This is an essay in English grammar, but addressed to logicians and aimed at persuading them to approach their subject grammatically. On the one hand I shall stress the hazards of ignoring the grammatical approach: half of the time the logicians’ “antecedents” and “consequents” are spectral (Part 3), and even when they exist the relation between them is botched (Part 2). On the other hand, no grammatically tenable theory of antecedents and consequents yet existing, I am emboldened to venture a proposal or two of my own (Part 4) in a treatment which I conceive to recommend the attractions of starting with grammar.

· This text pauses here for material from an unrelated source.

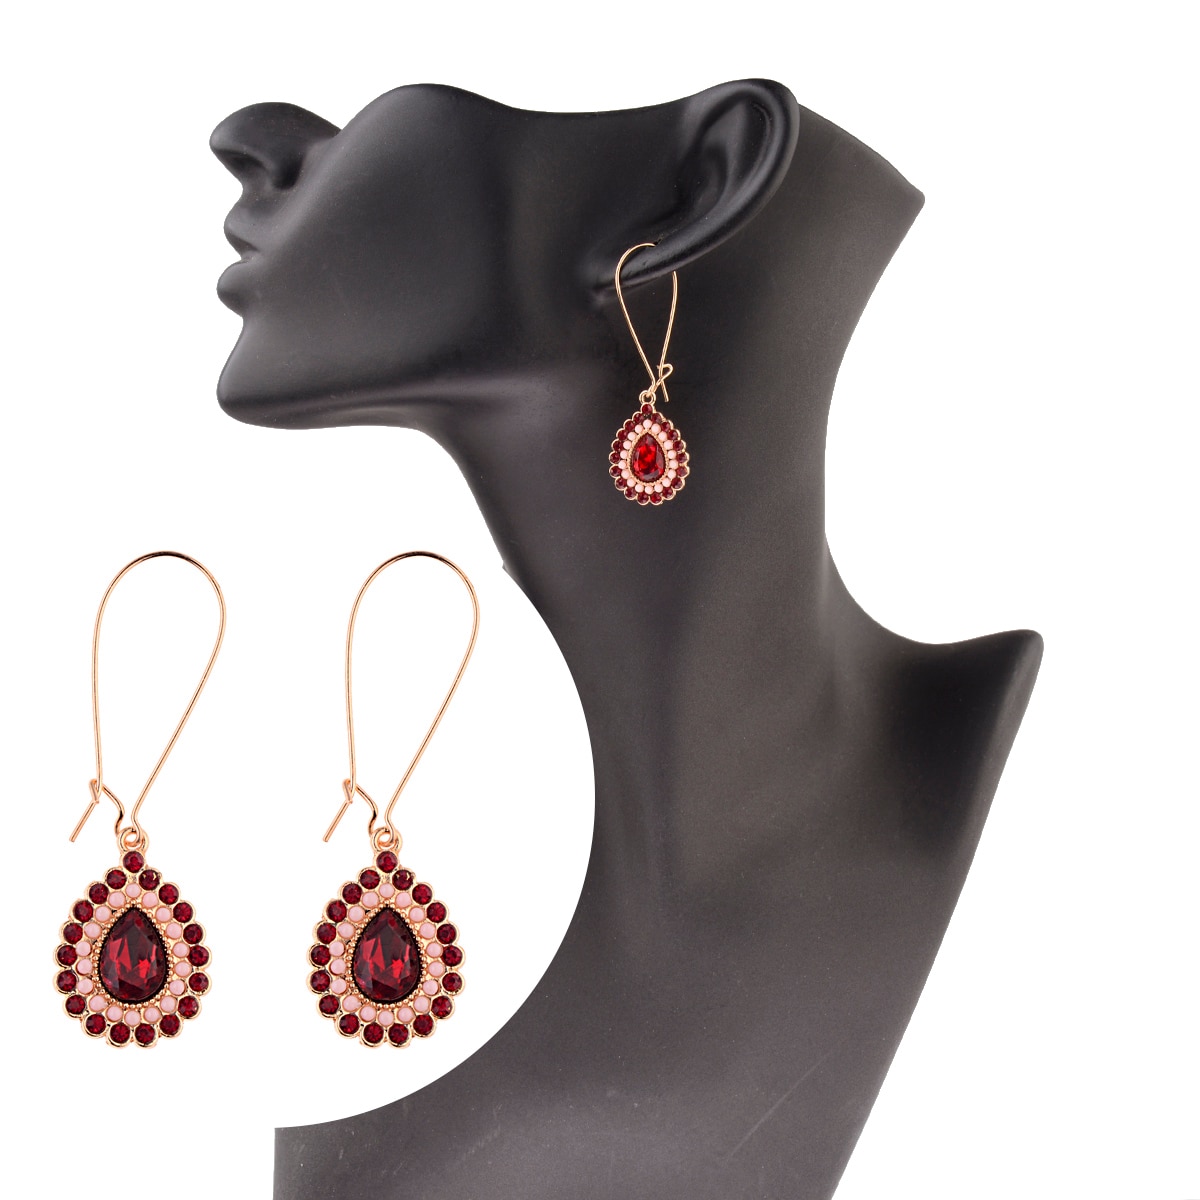 New-Classic-Red-Blue-CZ-Dangle-Earrings-For-Women-Ethnic-Vintage-Bohemian-Water-Drop-Statement-Earri-1005004719282818-7

Grammar distinguishes sentences from the informational burdens they are uttered to convey, which I call messages. The distinction is thrust upon us by examples like
(1) If the telephone rang he would ignore it
which can convey either a generalisation about the past or a more particular claim about the future. It is the message that determines the sentence, and not the other way round: English generates the same sentence (1) from two different messages. –By two different encoding programs: the feted connection between “complete” messages and “complete” sentences is that one message is encoded as one sentence by one start-to-finish run through some encoding program of the language. When a sentence S is generated from a message m, I call m an interpretation of S and say that m is encoded as S. English grammar is the empirical study of how English generates sentences from their interpretations.1
Although the sentence does not determine its interpretations, there will often be one interpretation that springs to the hearer’s mind ahead of any other. For example, it is not easily remembered that
(2) If Sir Jasper fell he would be killed,
no less than (1) can be generated from a generalization about the past: at first presentation, (2) automatically exacts its future interpretation. Quite adventitiously, of course. When this sort of thing happens, it is convenient to refer to the dominant message as the ‘natural’ interpretation of its sentence – convenient, at any rate, while no deeper significance is read into the epithet. I shall identify the natural interpretation of the sentence (n) where it exists, as mn. Thus m2 is the future interpretation of (2).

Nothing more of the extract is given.